Разумеется, это было преувеличением. Джей что-то не замечал у Адели и Венеции какого-либо интереса к издательским делам. Да и у Кита, которому сейчас было шестнадцать, таких интересов тоже не проявлялось. Адель говорила, что у их младшего брата «нелиттоновские» интересы. Кит говорил о своем желании сделаться адвокатом или даже священником.
Но Джей любил книги. Очень любил. И ему все больше нравилась идея заняться тем, чем занималась Селия: открывать таланты, пестовать их, превращать идеи в книги, а молодых, неоперившихся авторов – в прославленных писателей, гордость страны, чьи произведения мгновенно раскупаются.
– Этим, Джей, как раз и занимается редактор, – однажды сказала ему Селия. – Редакторская работа сродни работе садовника, которая тебе так нравится. Ты вдруг обратил внимание на какое-то растение. Возможно, в данный момент оно выглядит чахлым. Но ты что-то сумел в нем разглядеть. И ты начинаешь ухаживать за ним: поливать, подкармливать, очищать от сорняков. И оно идет в рост, становится сильным. Тебе радостно, ты получаешь удовлетворение. Конечно, в издательском деле, как и в саду, можно затратить много усилий и получить весьма скромный результат. Но если у тебя есть чутье… добавлю к этому глаза и уши… думаю, у тебя будет получаться. И тогда никакое другое занятие не доставит тебе столько удовольствия и радости.

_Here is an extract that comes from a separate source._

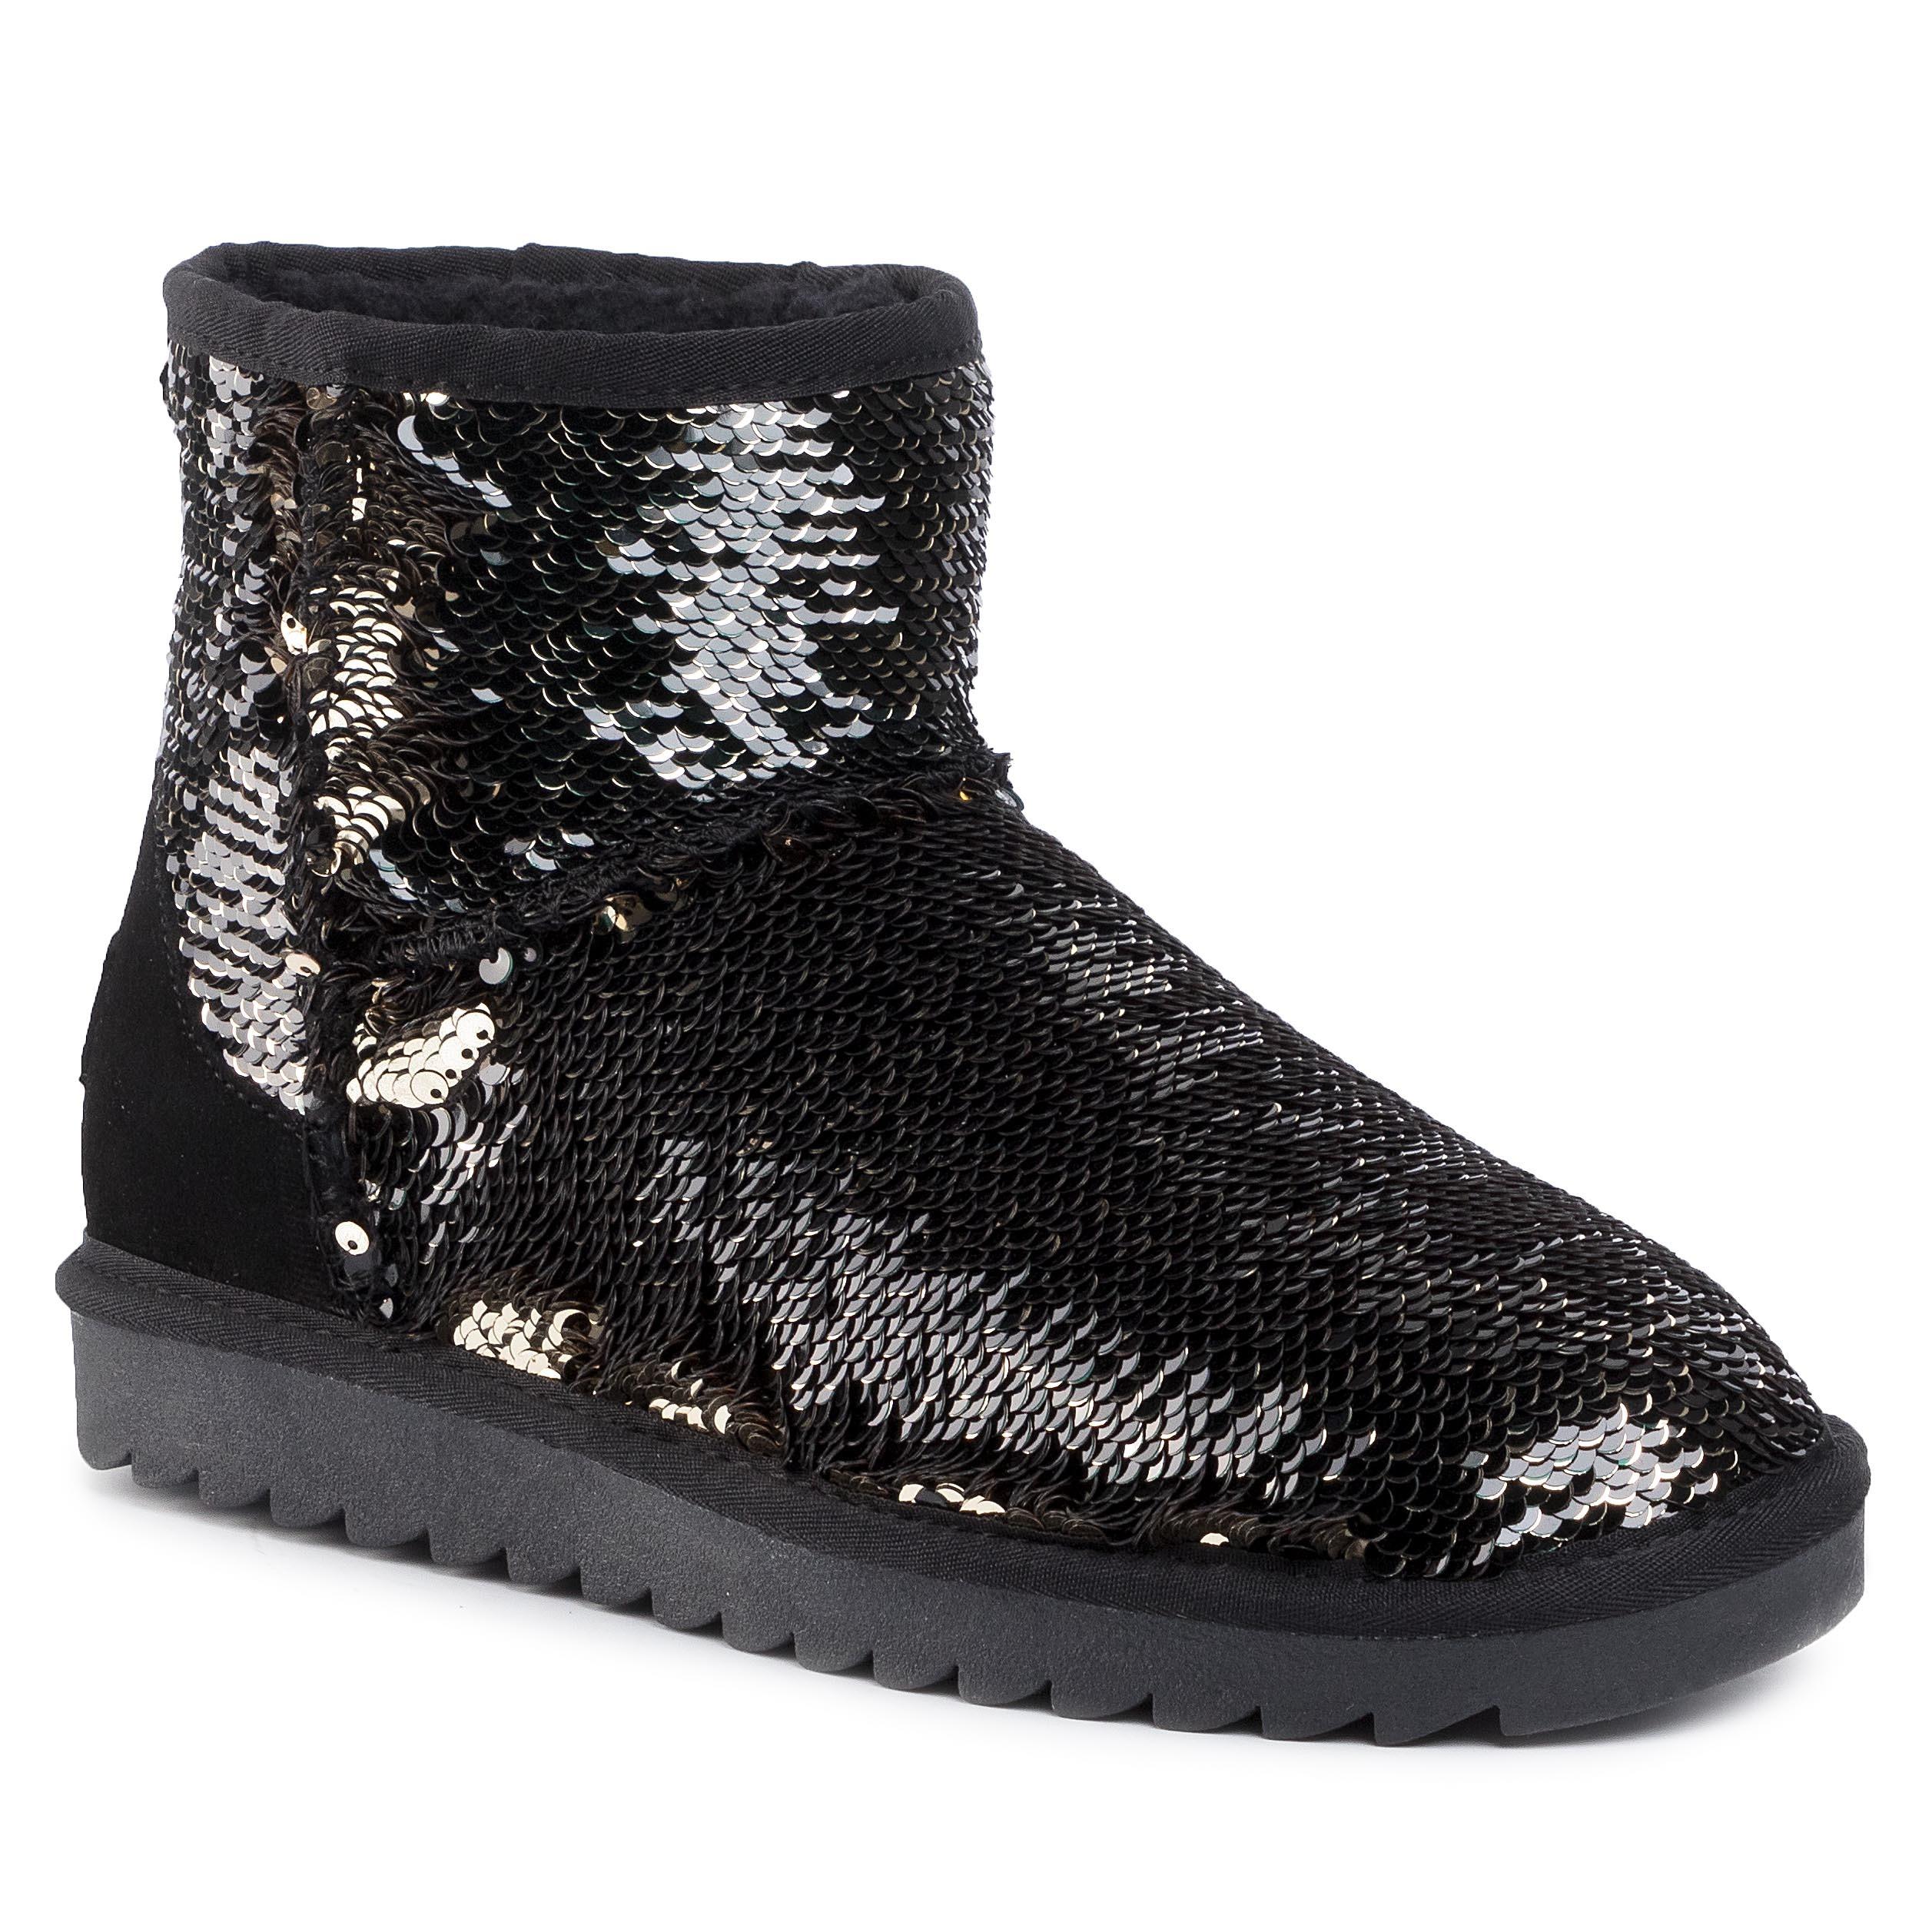 Pantofi COLORS OF CALIFORNIA - HC.YW050 Black

Джей не знал, обладает ли он подобным чутьем, но Селия утверждала, что обладает. Такое безапелляционное утверждение наполняло душу Джея не радостью, а тревогой.
А тут еще проблемы Джайлза, которому так и не удалось подняться выше младшего редактора. Джей не раз говорил об этом с матерью. ММ отвечала довольно уклончиво, но признавала, что Джайлз вряд ли способен на большее. Промахи племянника она почему-то считала весомым доводом в пользу того, чтобы сын пришел в «Литтонс».
– Наше поколение не может вечно стоять у руля, – говорила она Джею. – Ты будущее издательства. Ты, Джайлз и, быть может, Кит, если он вдруг не станет главным судьей.
– Или папой римским.
– Вот-вот, – улыбнулась ММ. – Но если издательство хочет процветать, оно должно наилучшим образом применять силы и способности всех, кто в нем работает. Помнишь твои доводы против работы в «Литтонс»? Одним человеком больше или меньше – какая разница? Большая, Джей. И твои доводы вызывают у меня только смех. Если ты не придешь к нам, это ничуть не прибавит Джайлзу способностей и не заставит его работать лучше.
– Но как бы с моим приходом дела в издательстве не пошли хуже, – сказал Джей.
Его дилемма усугублялась еще и предложением, полученным от леди Бекенхем. Она спросила Джея, не согласится ли он взять на себя руководство приусадебной фермой.
– Думаю, ты с этим хорошо справишься. Ты любишь природу, любишь животных. Тебя не привлекает день за днем просиживать штаны в каком-нибудь кабинете, уткнувшись в бумаги. Я бы с радостью доверила тебе управление фермой. Как-никак, ты здесь вырос. Мне импонирует твое отношение к работе. Работать ты умеешь. Не хочу думать, что скажут по этому поводу моя дочь и твоя мать, но решать не им, а тебе. Только не тяни с ответом: либо соглашайся, либо откажись.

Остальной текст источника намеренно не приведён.